CHIRUMANZU-ZIBAGWE MP Auxillia Mnangagwa (Zanu PF), has called on the Ministry of Education to urgently overhaul its school curriculum and focus more on technical subjects to enable pupils to acquire self-sustaining skills.

BY BLESSED MHLANGA

Speaking at the Midlands provincial prize-giving day last Friday, Vice-President Emmerson Mnangagwa’s wife said the country’s education system had been criticised for producing half-baked graduates who could not translate their theoretical knowledge into practice.

“Our education is often criticised for failing to produce graduates who are useful to society, but what I have seen here tells me that this will be a thing of the past,” she said.

“The As on the certificates have to be concretised so that we can begin to see the pupils and graduates inventing life-changing machinery and technology, which will uplift the status of Zimbabwe and its people on the global arena,” she said.

The MP also called on the business community to invest in home-based inventions, which were tailor-made to address the challenges faced by the local industry.

“Quite often, we are forced to import simple technology from foreign companies and this puts a strain on our import bill. Simple items like maize-shelling machines, which can be designed and manufactured locally and will be affordable to the farmer are sometimes imported because we don’t have local industry which supports inventions by our young pupils,” she said on the sidelines of the event.

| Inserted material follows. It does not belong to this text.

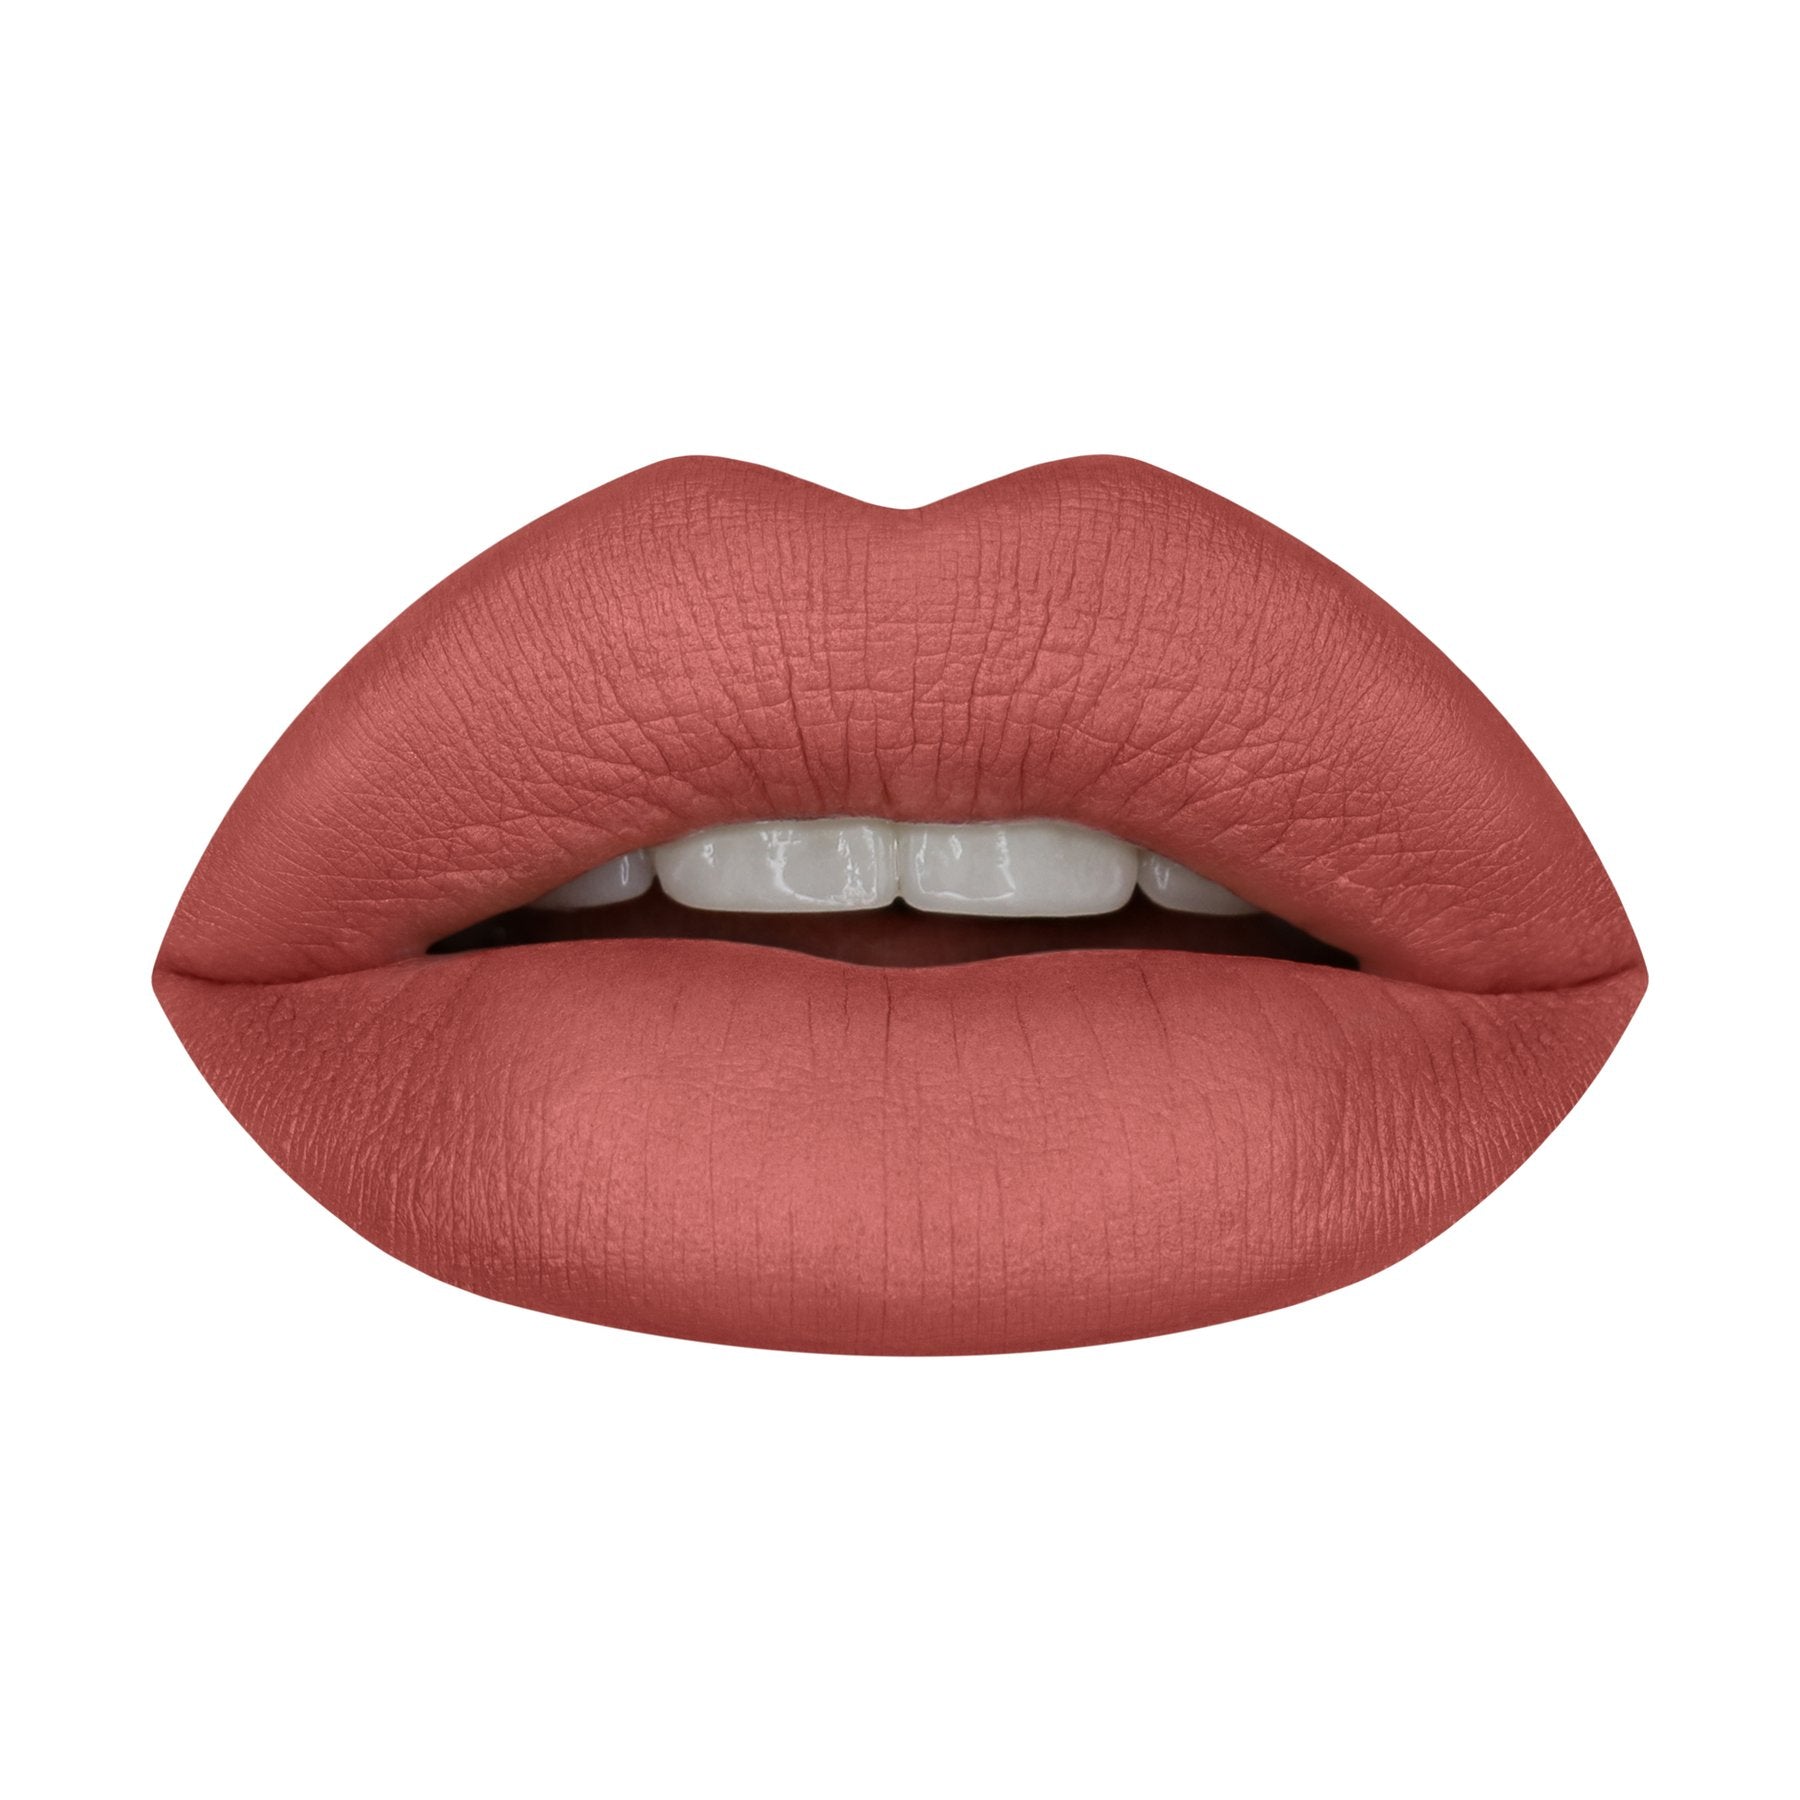 Huda Beauty Power Bullet Matte Lipstick,First Kiss, 3g

She also warned pupils not to engage in acts of indiscipline following the ban on corporal punishment.

“Government has said no more corporal punishment in schools and what do we see, an upsurge in cases of indiscipline in schools but let you be warned: The Bible says the wages of sin is death but I say the wages of indiscipline is ignorance,” she said.

Regina Mundi maintained the top spot with a pass rate of 97,1%, while in the primary schools category Bata, Shabani, Maryward, Kwekwe and Fitchlea schools were tops with a high number of pupils attaining four units at Grade Seven.